Formats & Data Organization
- What should I focus on when organizing data?
- How should I approach naming my files?
- What are the issues around file formats?
- How do I keep track of changes?
There are some fundamental decisions that you need to make when you start your research, and data organization should be within this set. The choices that you make will vary based on the type of research that you do, but everyone must address the same issues.
- File Version Control
- Directory Structure/File Naming Conventions
- File Naming Conventions for Specific Disciplines
- File Structure
- File Structure for Backups
- Be consistent.
- Have conventions for naming (1) Directory structure, (2) Folder names, (3) File names
- Always include the same information (e.g., date and time)
- Retain the order of information (e.g., YYYYMMDD, not MMDDYYY )

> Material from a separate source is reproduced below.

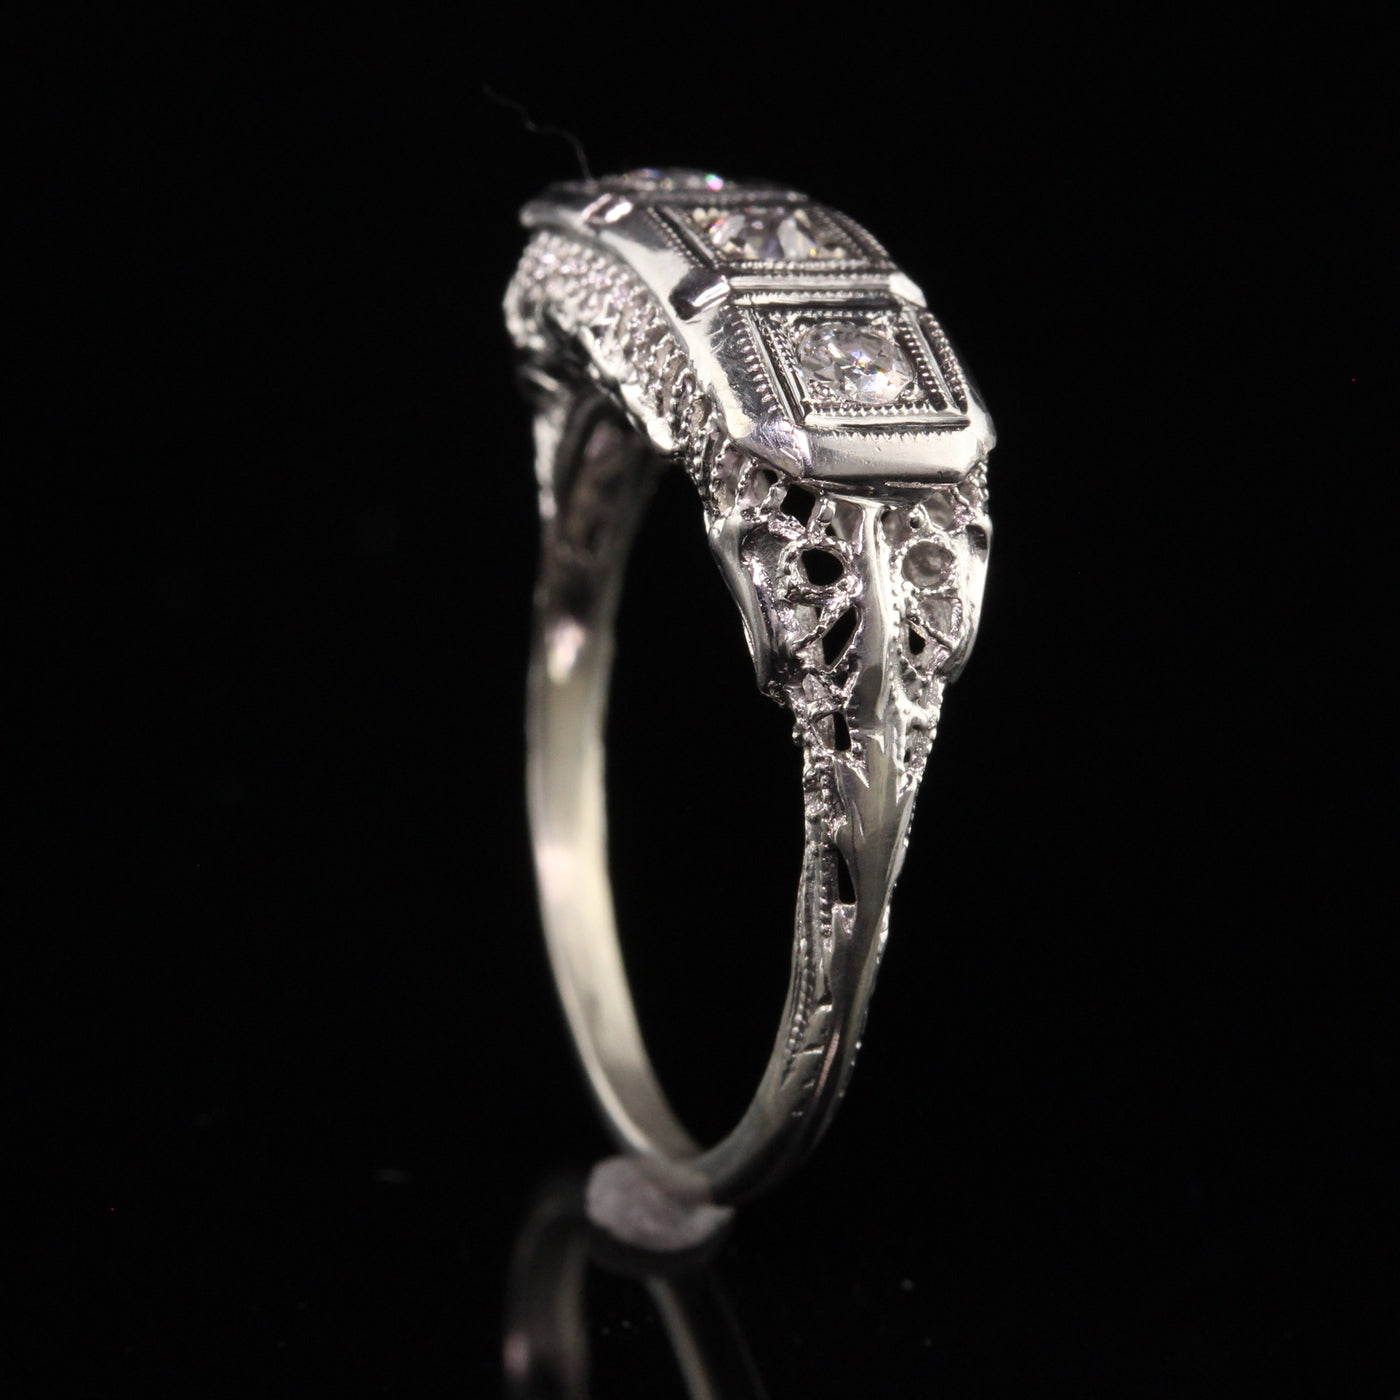 Antique Art Deco 14K White Gold Old European Cut Diamond Three Stone Ring
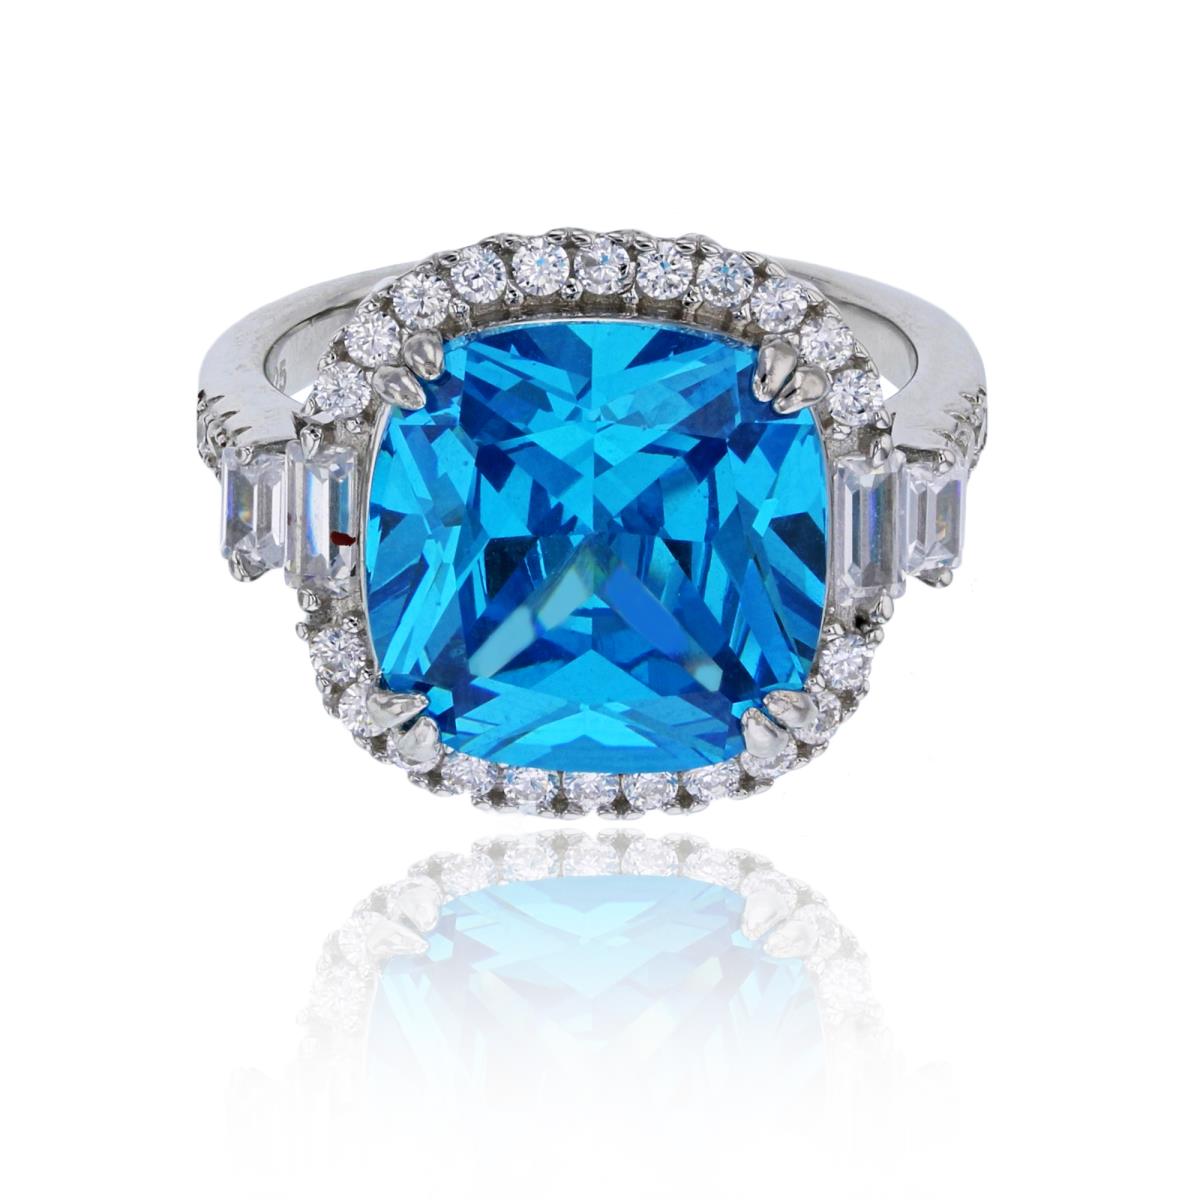 Sterling Silver Rhodium 12mm Swiss Blue Cushion Cut & White Glass Halo Fashion Ring

- Document your file naming conventions so that other users will understand the structure of your file names and any abbreviations or codes you might use (or something to that extent).
- Be descriptive so others can understand your meaning. Include other relevant information such as:
- Unique identifier (i.e., Project Name or Grant Number in folder name)
- Project or research data name
- Conditions (Lab instrument, Solvent, Temperature, etc.)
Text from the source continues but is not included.